Background:
A late-stage medical device company, specializing in gastrointestinal solutions, developed an innovative vacuum attachment for existing endoscopes. This accessory, designed to enhance procedural capabilities, required 510(k) clearance for market entry. The company sought expert regulatory guidance to navigate the submission process efficiently.
Challenge:
The company faced two key challenges:
- Regulatory Submission: They needed a comprehensive 510(k) submission package to secure FDA clearance for their novel accessory device.

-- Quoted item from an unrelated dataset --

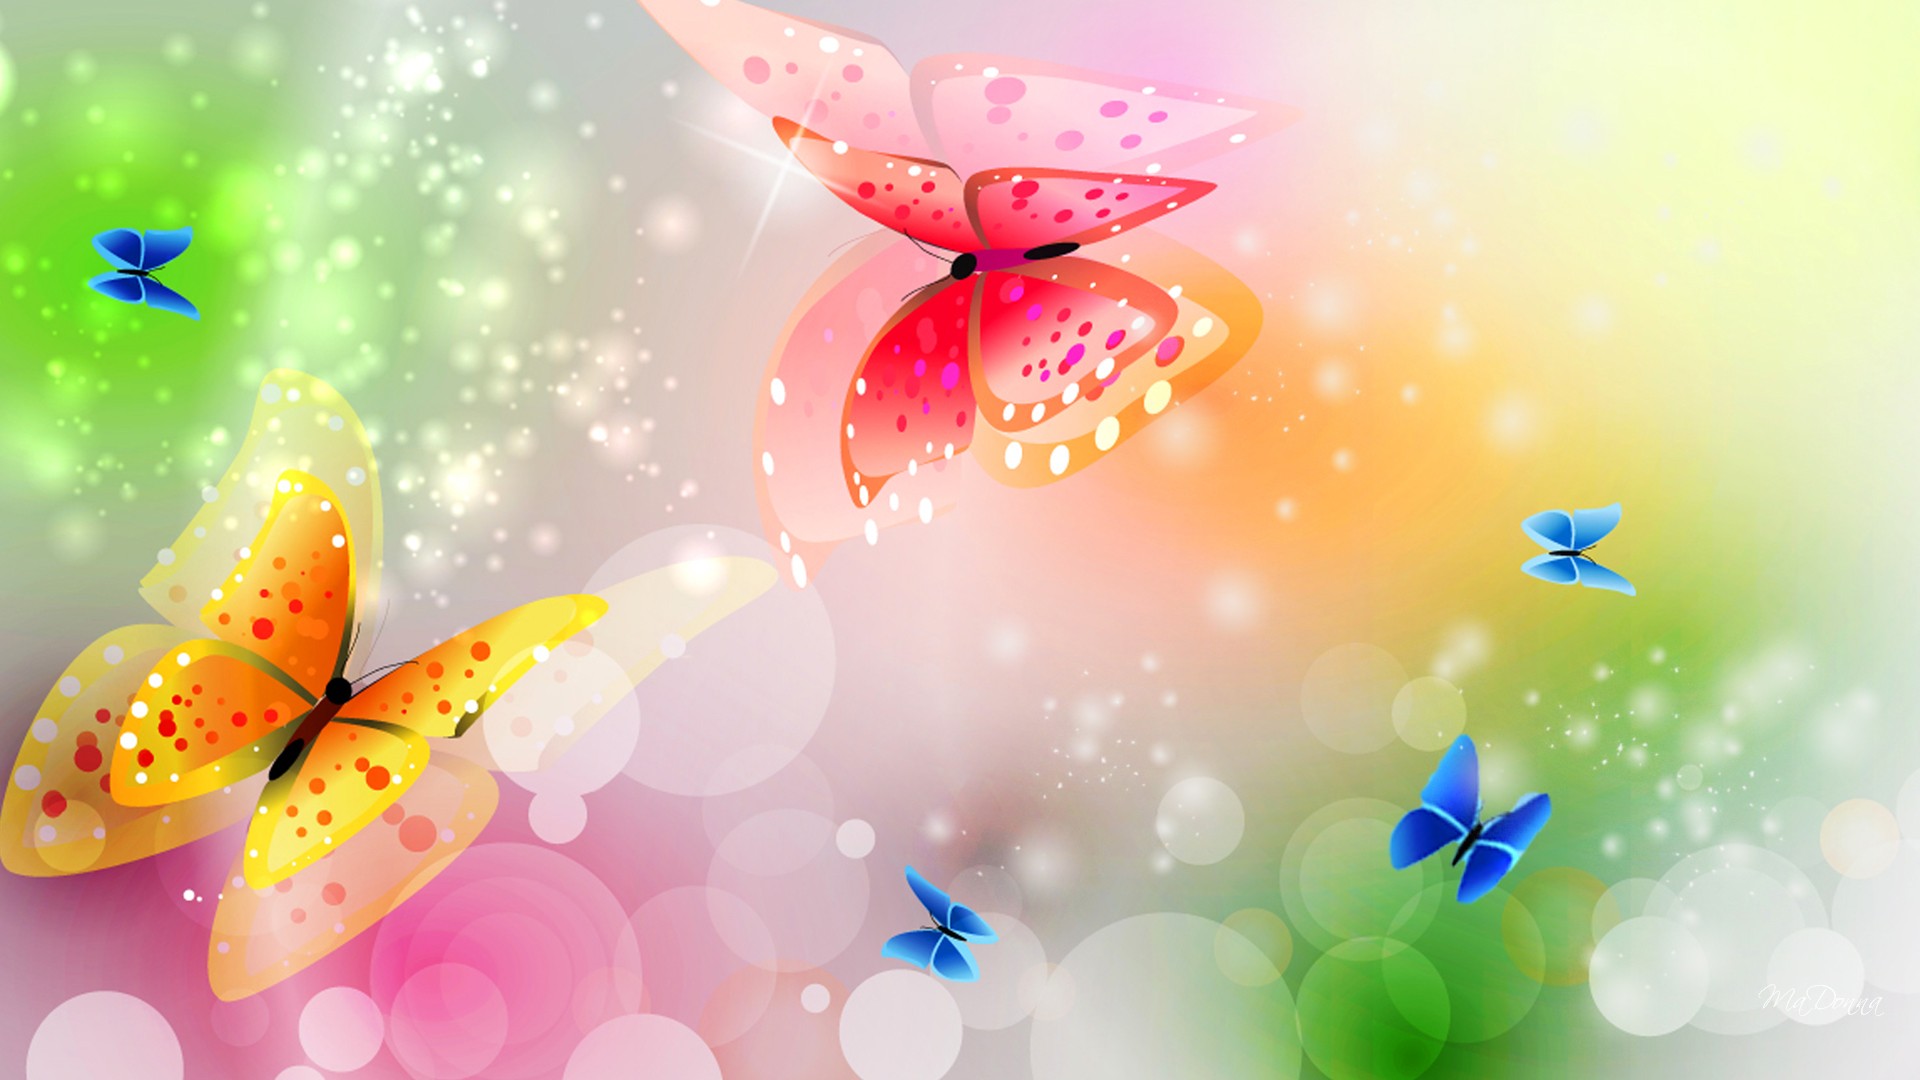 Abstract Shining Butterfly Wallpaper

- Stability Testing Failures: Failures in their stability testing, specifically related to packaging, required a redesign and re-aging of components, which threatened to delay their submission timeline.
Approach:
AlvaMed provided comprehensive regulatory support, including:
- 510(k) Submission Preparation: Developed a robust 510(k) submission package, addressing the unique considerations of the device as an accessory and ensuring appropriate predicate selection.
- Stability Testing Guidance: Assistance in resolving stability testing failures by advising on the optimal testing approach , including determining the extent of aging required for submission and which specific components needed to be re-aged due to the packaging redesign.
- Regulatory Strategy: Navigated the complexities of the accessory device’s classification, ensuring the submission accurately reflected its intended use and predicate device.
- FDA Interaction: AlvaMed managed all communication with the FDA, ensuring timely responses to interactive requests and facilitating a smooth review process.
Results:
AlvaMed’s expertise led to a successful and efficient FDA clearance:
- FDA Clearance: The company received 510(k) clearance for their endoscopy accessory, enabling them to bring their innovative product to market.
- Efficient Review Process: The FDA review process was streamlined, with only one deficiency that was resolved quickly. Clearance was achieved 91 days after the date of submission.
- Successful Resolution of Testing Issues: AlvaMed’s guidance enabled the company to efficiently address the stability testing failures, minimizing delays and ensuring the integrity of their submission.
- Accurate Device Classification: Expert guidance ensured proper accessory classification, strengthening the regulatory pathway.
Key Takeaways:
This case highlights AlvaMed’s ability to guide medical device companies through complex regulatory challenges, helping them achieve timely market entry.
- Regulatory Expertise is Critical: Navigating the FDA’s 510(k) process for even seemingly straightforward devices can be complex, especially with unique challenges like accessory classification and stability testing issues.
- Expert Guidance Ensures Compliance: Partnering with experienced regulatory consultants like AlvaMed can provide valuable support and guidance, ensuring compliance and accelerating time to market.
- Efficiency Matters: A well-executed regulatory strategy, coupled with efficient communication with regulatory bodies, can lead to expedited clearance timelines.
By providing strategic regulatory support, AlvaMed helped the company bring its innovative endoscopy accessory to market, ultimately improving procedural efficiency and patient outcomes.